THEATRE
Written by Jeremy Kareken & David Murrell and Gordon
Farrell, by Melbourne Theatre Company
At Fairfax Studio, Arts Centre Melbourne, until 3 July 2021
Reviewer: Kate Herbert
Stars: ****
This review is published only on this blog. KH
The Lifespan of a Fact is bound to trigger arguments about the vices and virtues of literary non-fiction and the value of fact and truth in this purportedly non-fiction literary form that demands the same poetic licence as fiction writing.
Creative non-fiction colours and enhances a true story by imbuing it with literary flourishes and making it a more palatable story. From where I’m standing, if you don’t use facts, i.e. empirical truth, then it’s no longer non-fiction.
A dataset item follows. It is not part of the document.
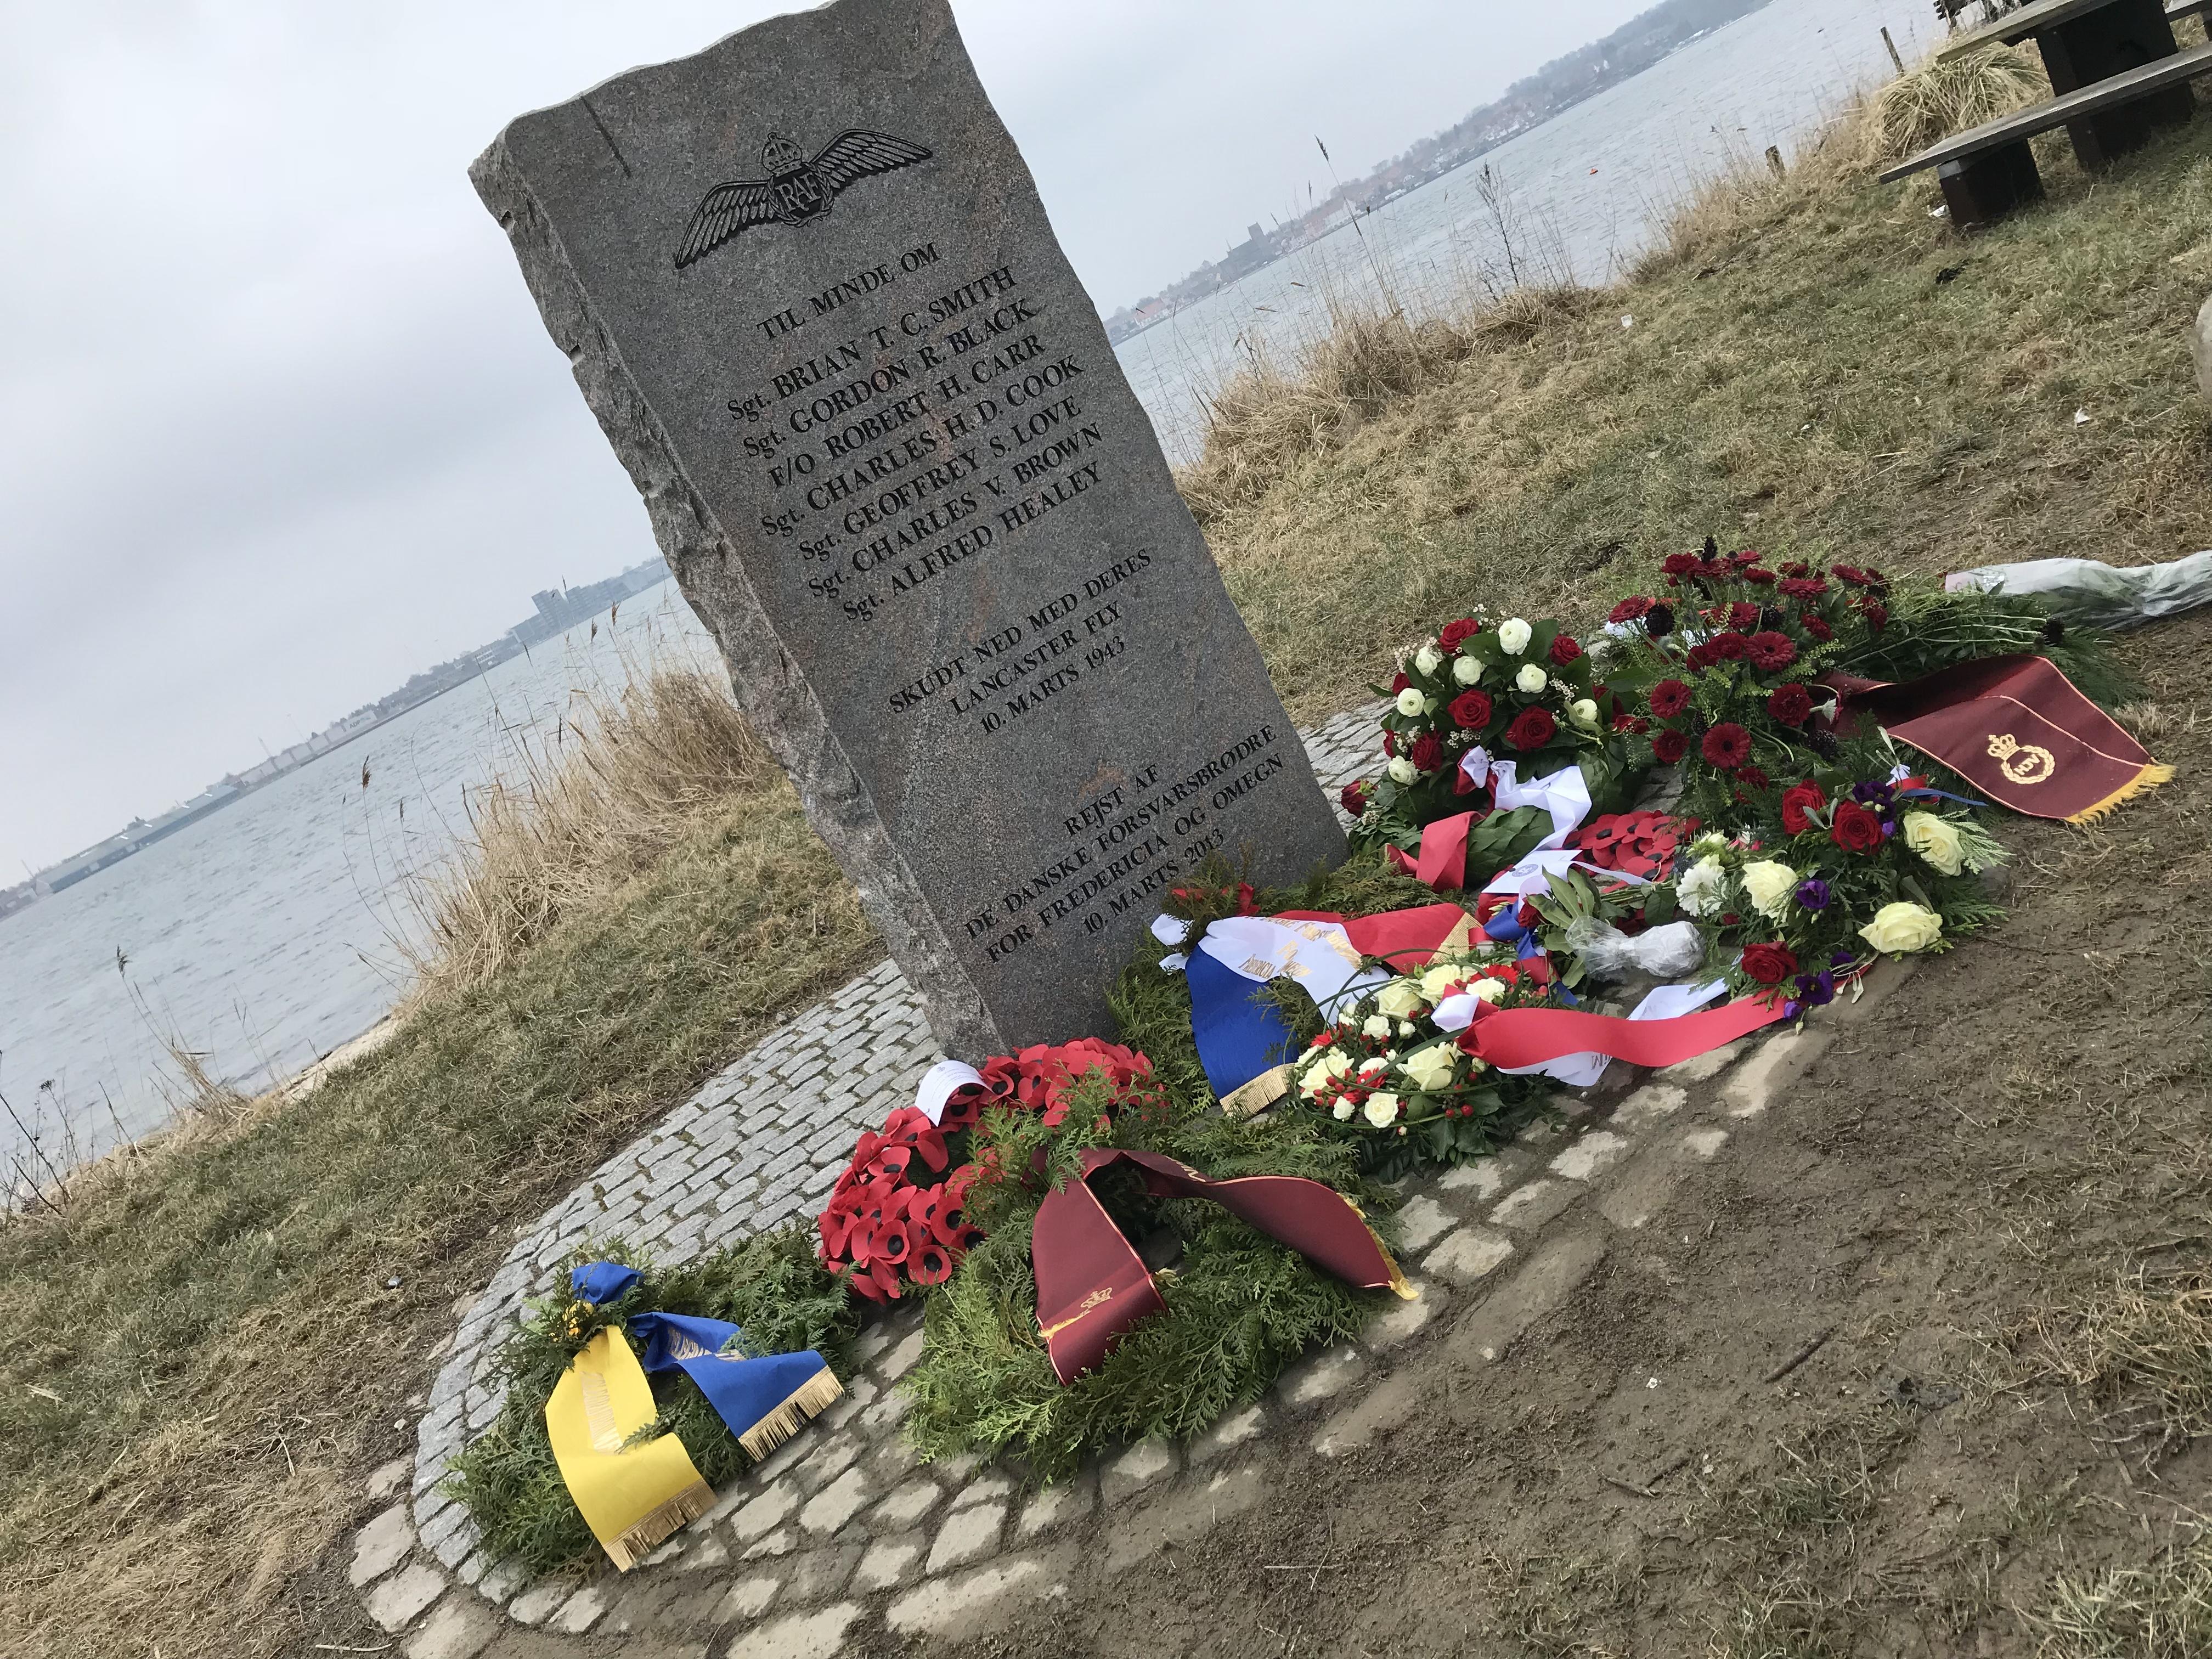 SE TV-INDSLAG: Besætning på Lancaster ED-305 mindet – Styrtede ned i Lillebælt tæt på den gamle Lillebæltsbro

Evidently, facts don’t appeal to lots of people because they are dry and require effort to process. We need to be fed facts wrapped in a story to which we can relate. This is what myths and religious stories such as the Bible provide, and now, it seems, so does literary non-fiction.
The play is based on a factual book (or is it?) by creative non-fiction writer, John D’Agata (Steve Mouzakis), and his former fact-checker, Jim Fingal (Karl Richmond). It depicts an escalating ideological struggle when Fingal, a young Harvard graduate working for a major New York magazine, is tasked by editor, Emily Penrose (Nadine Garner), with fact-checking a creative non-fiction essay (‘It’s not an article!’) that takes the suicide of a young man in Las Vegas as its inspiration.
When Jim gets stuck on factual problems in the first sentence of page one in John’s essay, he first calls the writer, who is dismissive, then flies from New York to Las Vegas to knock on the door of a shocked and angry John. When Emily finds out about Jim’s rash flight to Las Vegas, she is so alarmed and horrified that she flies to join them for a midnight to dawn editorial meeting / bunfight.
The performances are vivid and compelling while Petra Kalive’s direction is deft. Garner’s Emily is variously capable, frenetic, vulnerable and brusque. Mouzakis’s D’Agata is rough-edged, arrogant, brittle and funny, while Richmond as Fingal balances sincerity and deference with smug, intellectual superiority.
The dialogue is swift-moving, funny and clever, and the play, set over five, whirlwind days and one frantic night, gallops at a cracking pace from start to cliff-hanger finish.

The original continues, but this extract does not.